_What you should do:_
Within the entries below, please retype exactly the lines starting with the line that has "HI-CHEW Rainbow Sherbet Flavor label image" and going on through the line that has "Odoo-Hubspot Integration in Odoo 17 CRM", but not the pictures.
Supplied records START
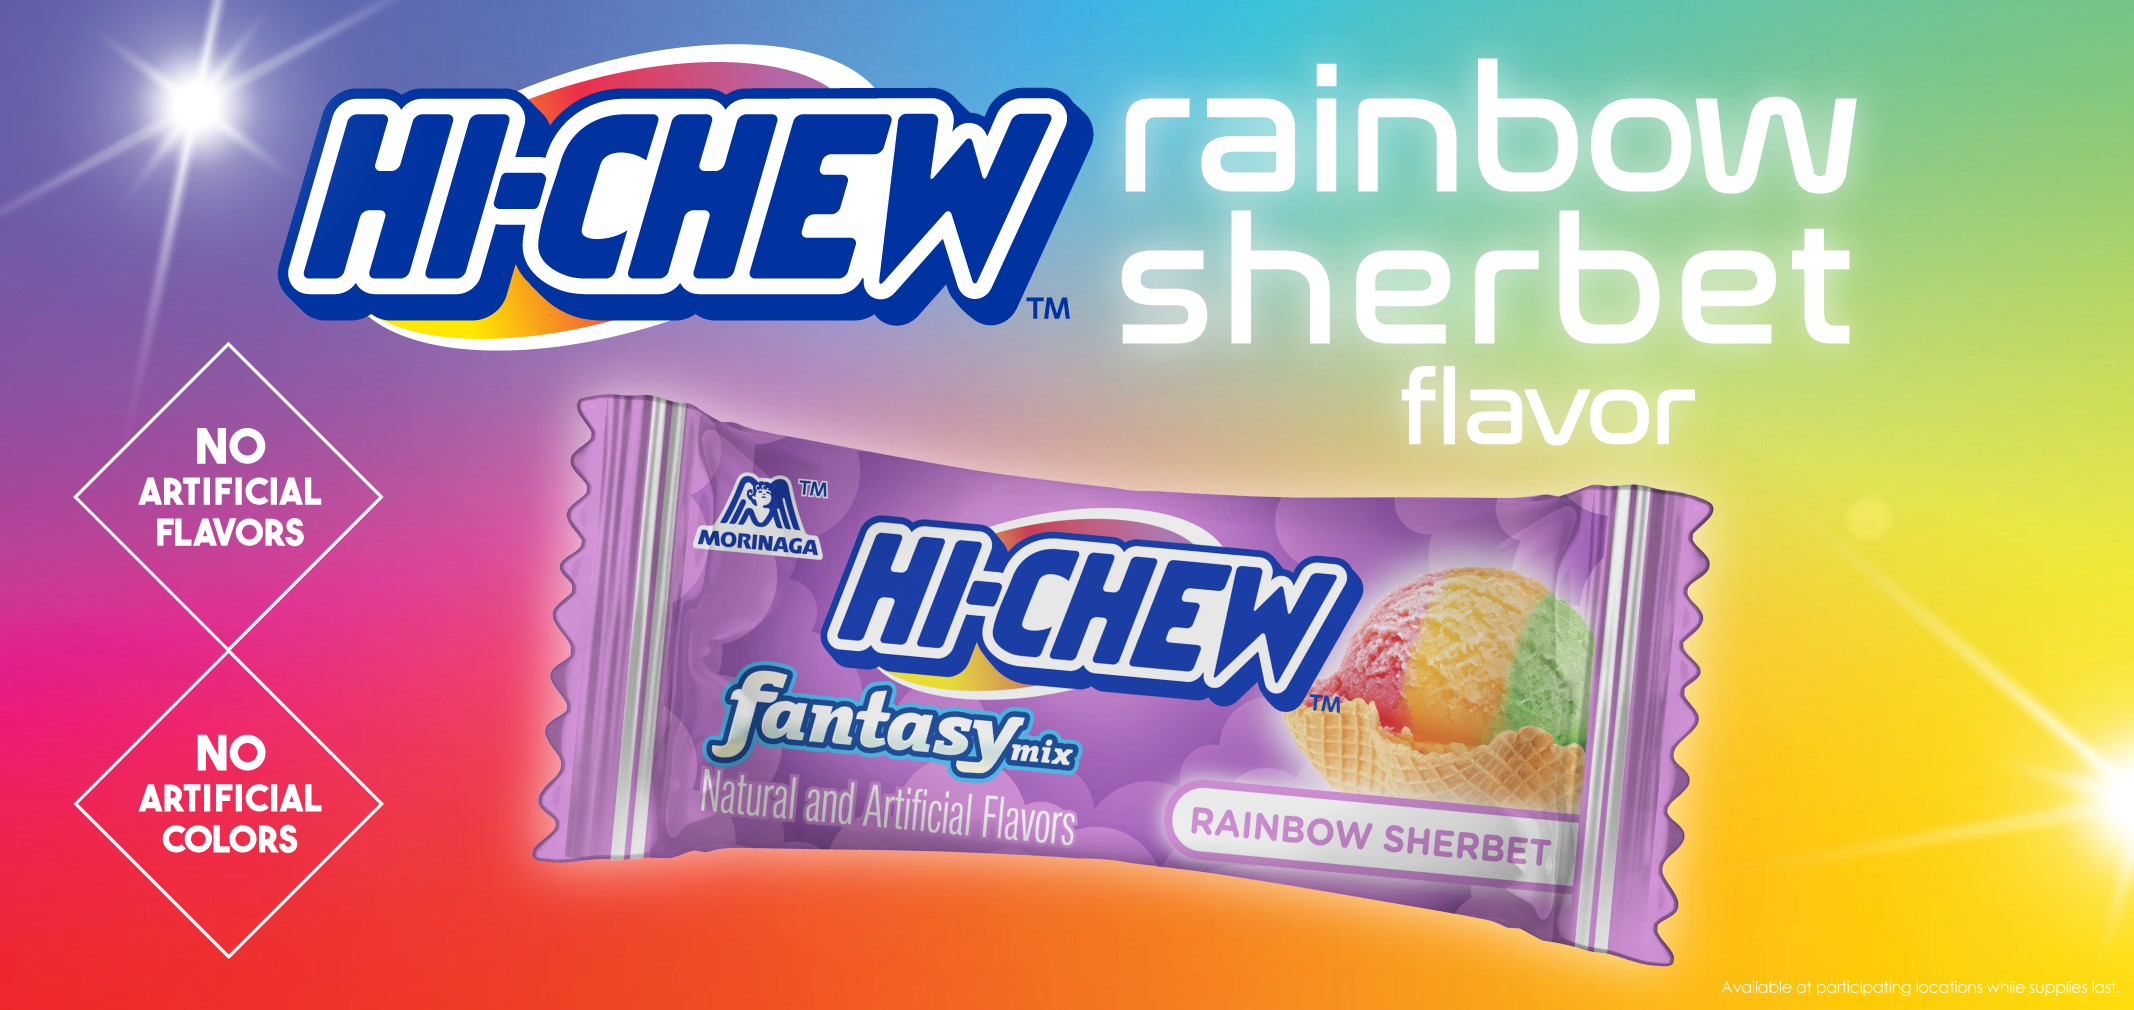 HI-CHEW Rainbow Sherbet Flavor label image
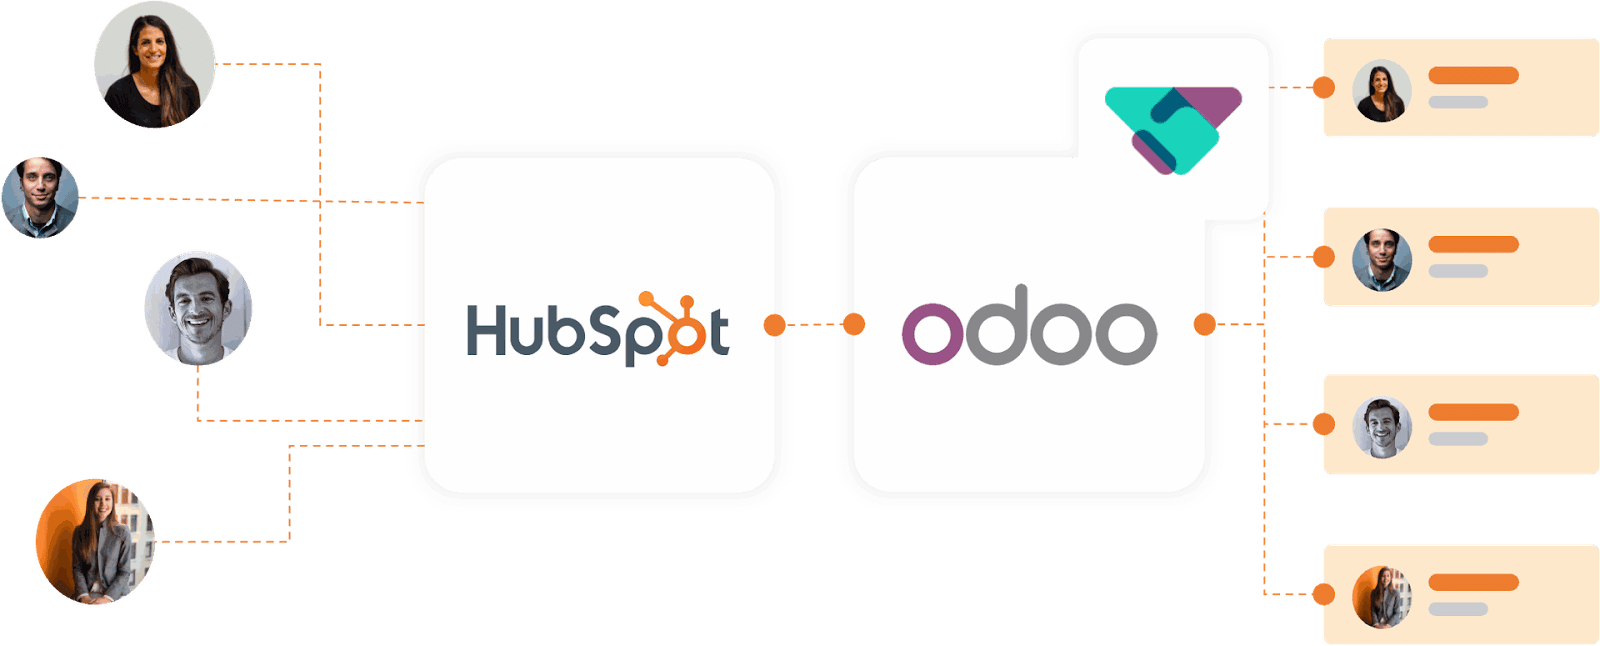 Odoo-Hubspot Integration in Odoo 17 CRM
Supplied records END
Supplied records START
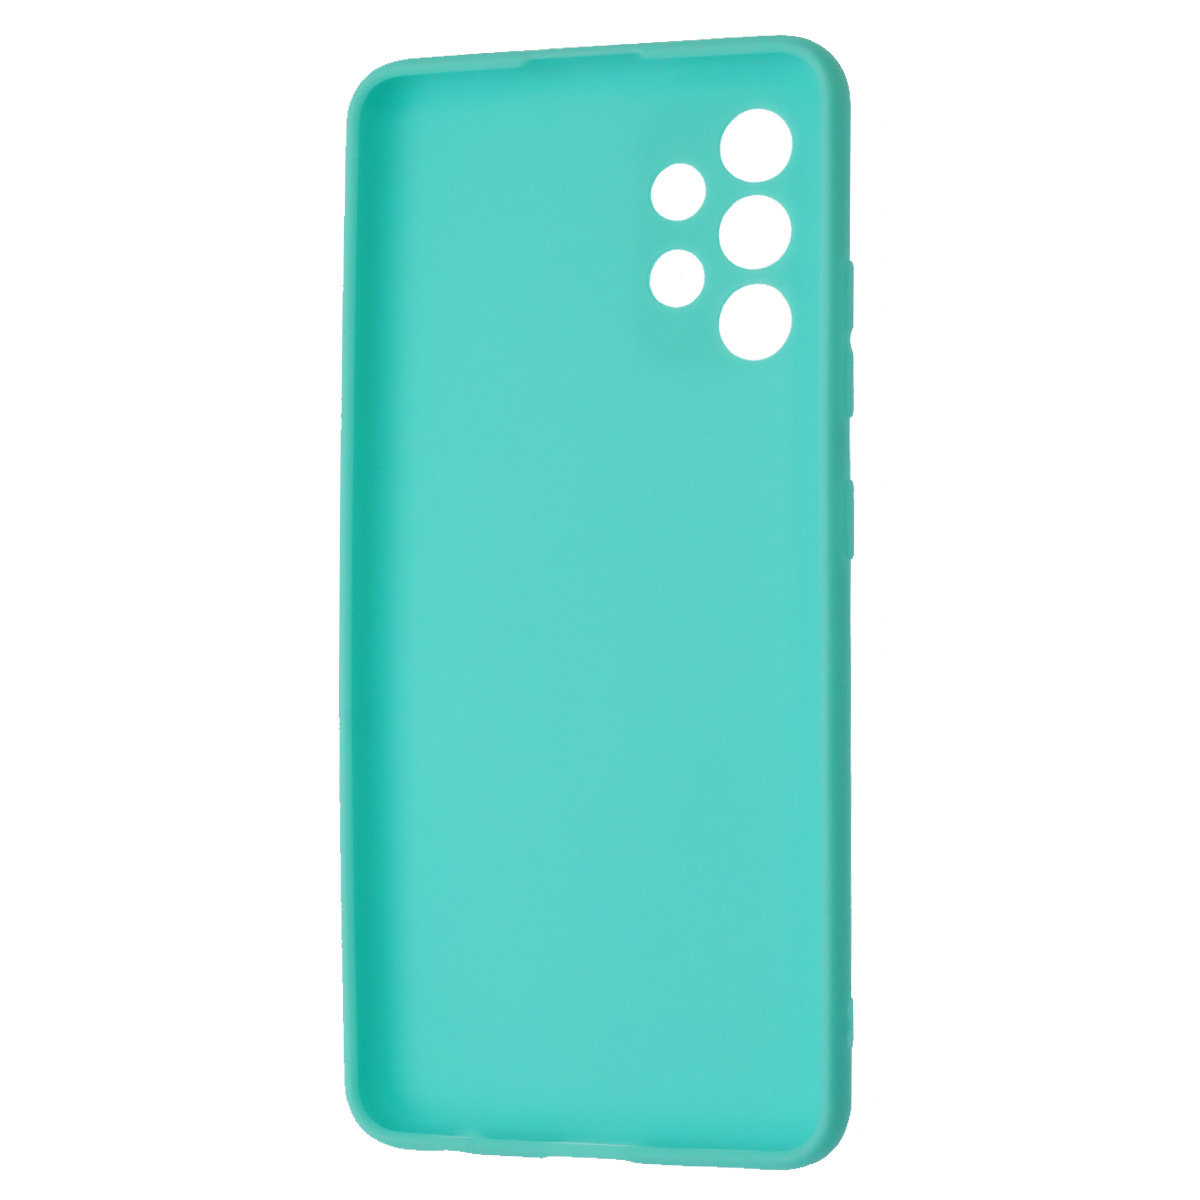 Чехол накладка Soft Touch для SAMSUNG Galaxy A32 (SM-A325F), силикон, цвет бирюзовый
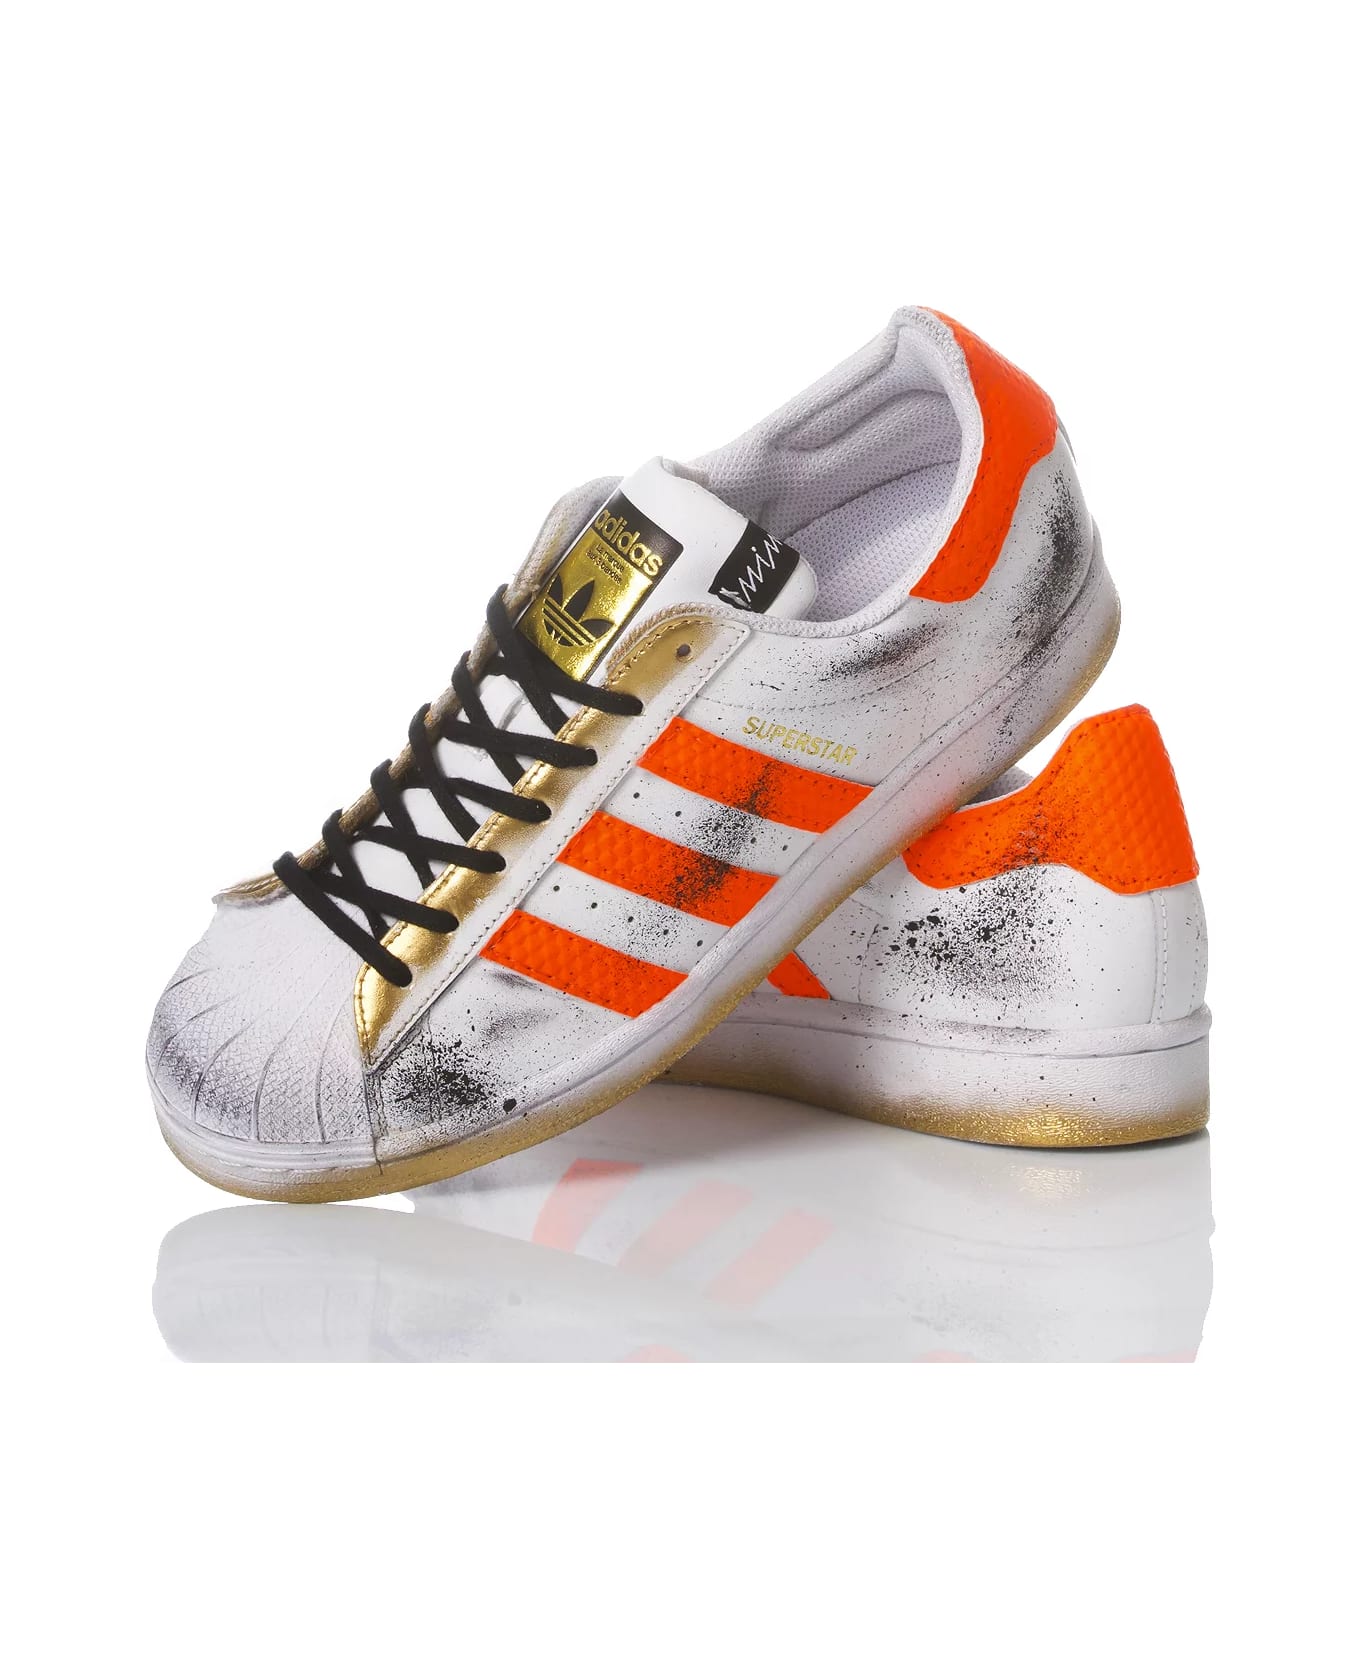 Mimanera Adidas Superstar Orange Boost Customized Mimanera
Supplied records END
_Written response:_
 HI-CHEW Rainbow Sherbet Flavor label image
 Odoo-Hubspot Integration in Odoo 17 CRM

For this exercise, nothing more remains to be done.